|
|
We have completed an upgrade from OpenBSD 3.5 to OpenBSD 3.8.
Doing upgrades periodically is a necessary fact of life. Security fixes cease
to be available for older releases, so keeping them secure against newly
discovered exploits requires a full upgrade at least every year and a half,
preferably more often.
In this instance, we were also hoping that an upgrade might help with Grex's
problem with crashing about once a day. STeve believes that a weakness in
the 3.5 ethernet driver that has been fixed in 3.8 might have been the cause
of some of our crashs.
However, we've already had two crashs on the new version of the OS, so this
is clearly not the whole story. I did some investigating of the specific
cause of one of those crashs and determined that there was a value that had
been written to memory by the CPU, that differed in one bit when it was read
back. This is a clear hardware error. It could be a bad memory (though a
memory test we ran before the upgrade did not turn it up) or a defect in teh
mother board. We will be starting a program of tests to identify the exact
problem in a few days. I'm confident that we will be able to fix this. But
it's a bit of a disappointment that the problem was not solved by the OS
upgrade.
The biggest screw-up, of course, was the loss of the /var/mail partition.

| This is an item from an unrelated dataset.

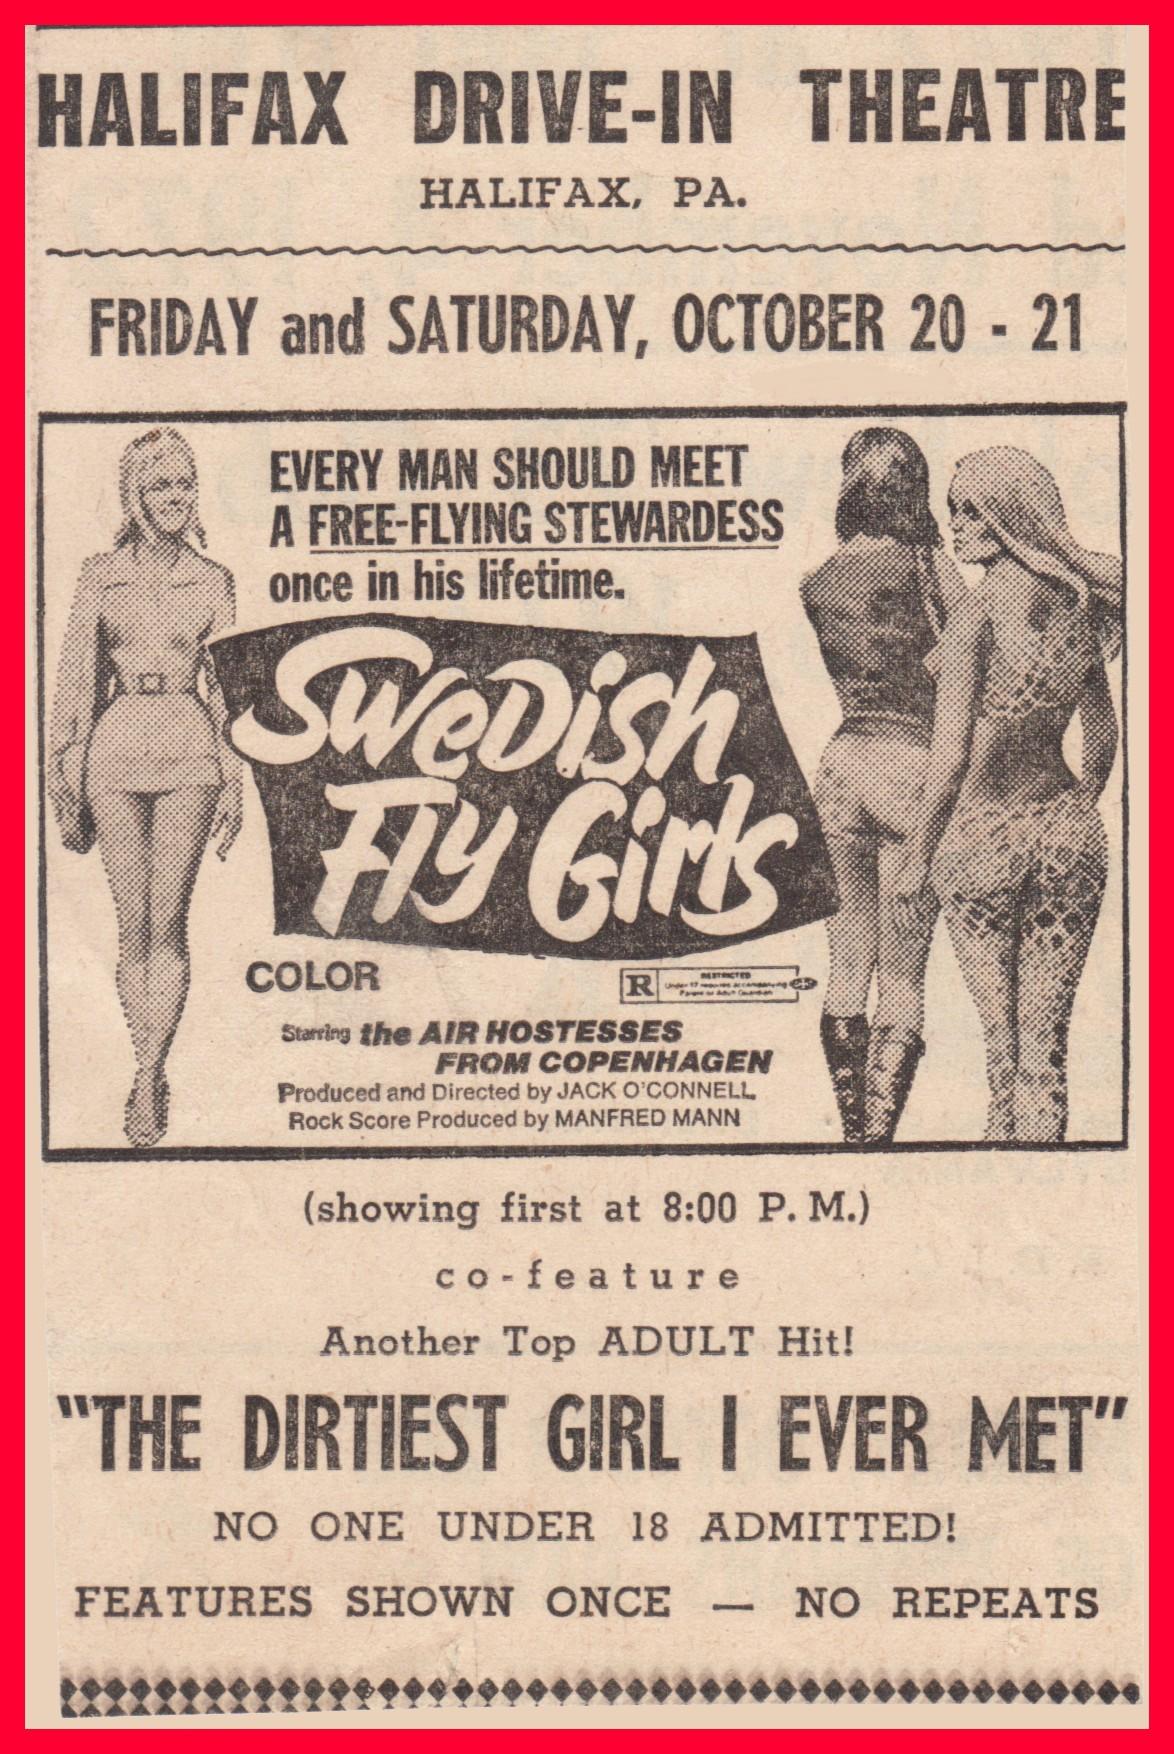 1972 Porn halifax – drive-in porn theatre, 1972 (1) – lykens valley

The /var partition was backed up, and everyone thought /var/mail was included
in that backup file, but in fact, /var/mail was not mounted when the backup
was made. The mirror scripts are not smart enough not to mirror unmounted
file systems, and they were not shut down before starting work, so that copy
was lost too. This wasn't noticed until after the disks had been reformatted.

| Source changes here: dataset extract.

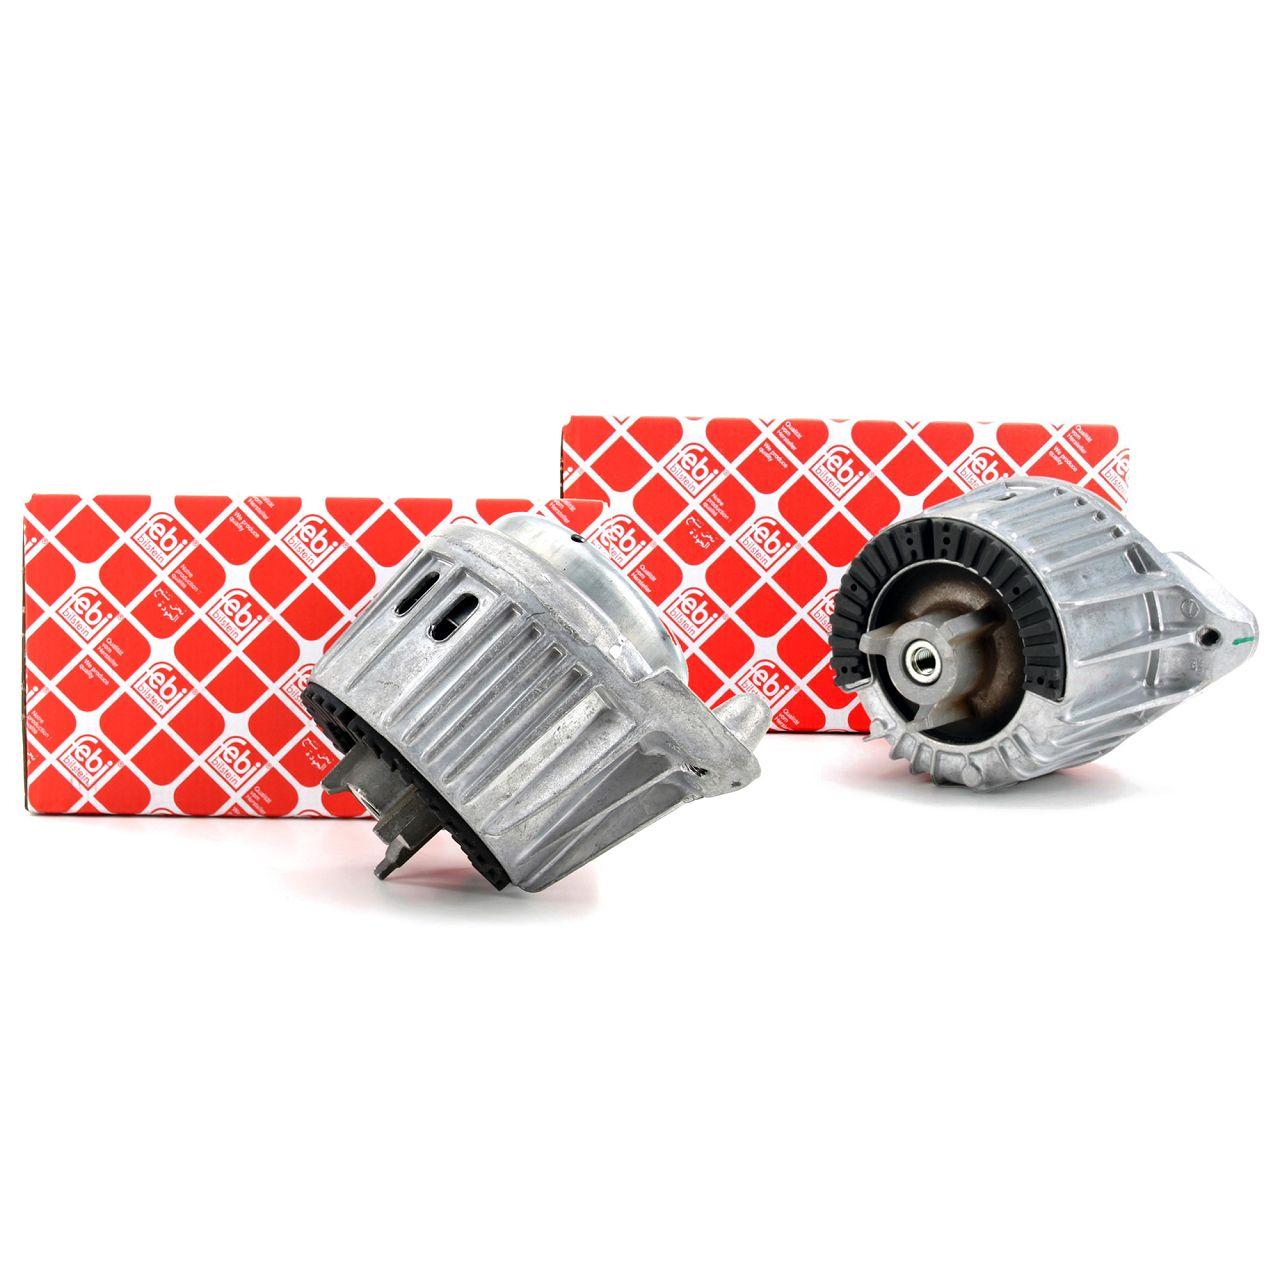 2x FEBI Motorlager Motorhalter Hydrolager für Mercedes W204 C218 X218 W212 vorne

Finally, it just took too long. My goal is to get to the point where we can
do a rebuild of Grex in a day. It took us a week.
Worse, a great deal of the delay was because we as staff really failed to work
together effectively. We ran into deep differences in basic philosophy about
how grex should be run that cost us extra days. Because we didn't all agree
on what we were going to be doing before we started, our preparation for the
rebuild was not complete. We ended up redoing significant portions of the
job more than once.
For the next rebuild, we need to do the following:
- Agree beforehand on exactly what version we are upgrading to. Upload
all distribution files to Grex. In this case, STeve had done the
uploads, but for a different version than I believed we needed. When
we made the course change, we had to upload everything again, which
cost us a lot of time.
- Carefully and fully update Grexdoc before shutting down Grex. Grexdoc
is a collection of installation instructions, scripts, patches, saved
config files and custom source code that, in theory contains everything
you need to build a new Grex from the bare machine up. I wrote it and
used it to build the previous 3.5 Grex, but, of course, many small
adjustments would be needed to build a 3.8 Grex. John Remmers did a
great job of testing it out for 3.8. He took a spare machine he had
and used Grexdoc to build a whole Grex, validating all procedures.

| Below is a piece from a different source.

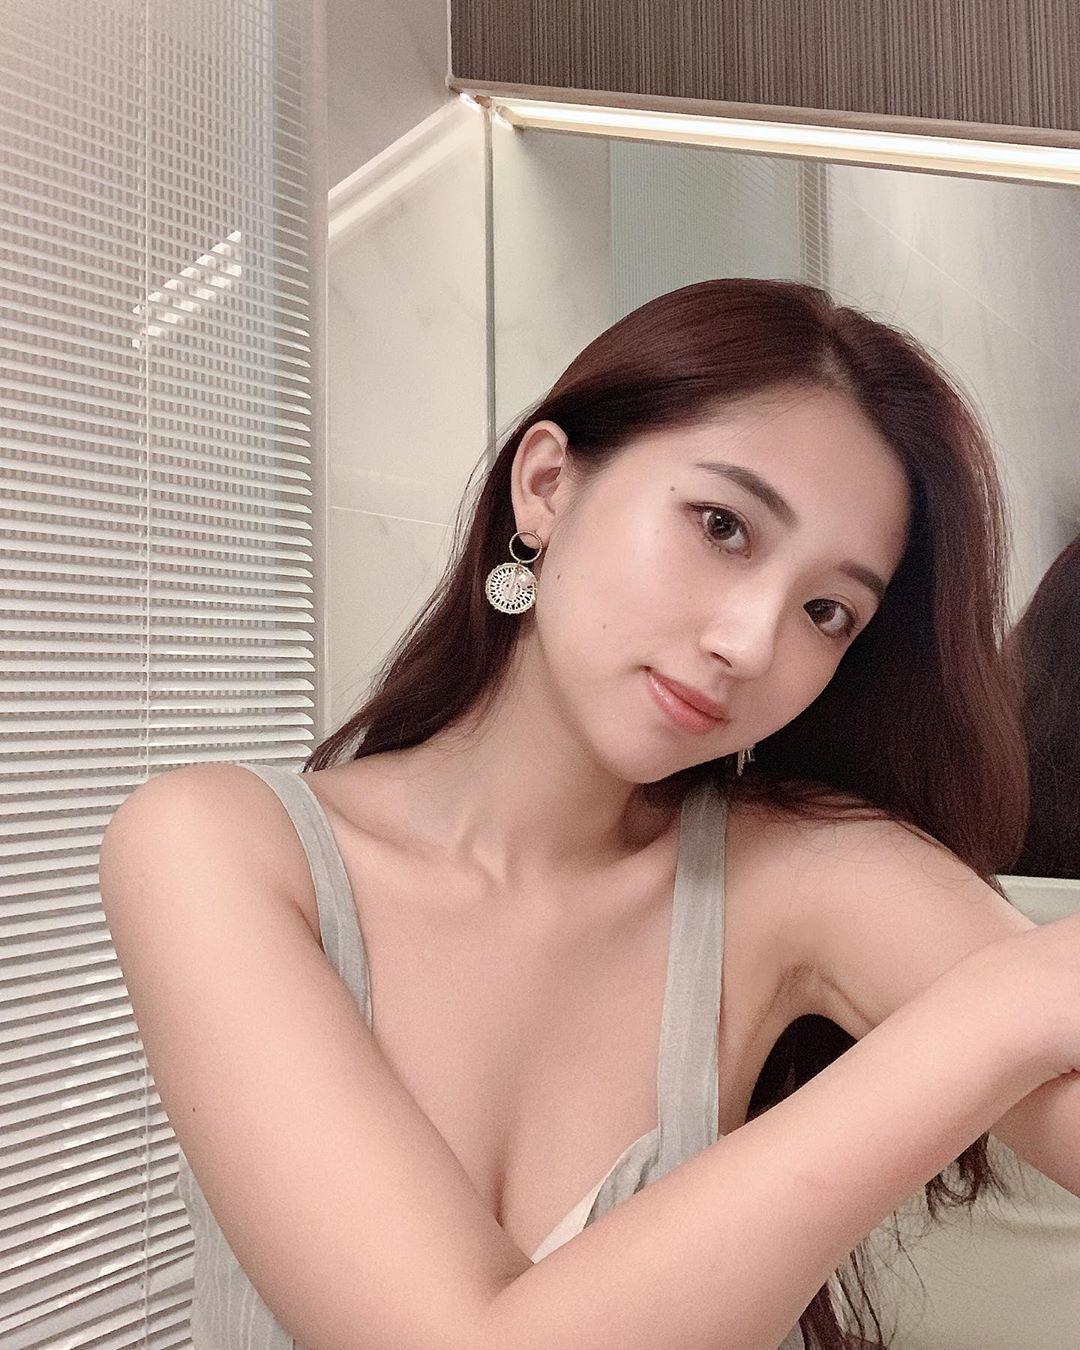 uCGzwk - IG正妹—何蓁 Chen Ho

This was great, but we missed a step. In the year or so since 3.5
Grex was built, staff has made many changes to Grex. Some, but not
all of these changes were documented in Grexdoc. What we should have
done BEFORE John built his test machine, was to go through Grexdoc
and compare everything there with the current configuration of Grex,
and make sure it all matched up. Then it's time to check how it all
works for the new OS. Since we missed the update check, I ended up
first building Grex from a slightly obsolete Grexdoc, then spending
a day or so checking all the configuration of the new system against
the configuration of the backup of the old system, copying those
changes into the new system, and checking them into Grexdoc. If
I'd had my act together, then all of that could have been done while
Grex was still up for users, giving much less down time.
- Use ALT partitions. When I originally laid out the partitions for
OpenBSD grex, I set up a full set of spare partitions called the ALT
partitions. The idea was that when we did a rebuild, we would install
the new system on the ALT partitions, leaving the old OS on the old
partitions. When the new build was done, the ALT partitions would
become the primary partitions. The advantage of this is that if we
ran into problems with the new OS, then we could bring Grex back up
on the old OS while we scratched our heads and thought it over. In
this instance, we wanted to repartition the drives for various good
reasons so we ended up erasing the old partitions before doing the
install. But not having the option of coming back up under the old
OS really cost us. By Sunday it was clear that (1) the upgrade wasn't
going to fix the crash problem and (2) different staff had very
different ideas on how to proceed with the upgrade. If we'd had the
ALT partitions, then the thing to do would have been to reboot on the
old 3.5 system, and take a week or two to revise our plan and get
our heads on the same page. Lacking that option, and with Grex down,
we had to proceed. I ended up just vetoing other staff members, a
move that was not good for staff harmony. Next time, if we want
new partitions, we should get a new disk to put them on. Keep the
old OS, at least until the rebuild is done.
62 responses total.
This response has been erased.
Thanks to all staff involved. Jan, especially, has been very generous in putting in so much time and energy to keep this community online. Know it's appreciated.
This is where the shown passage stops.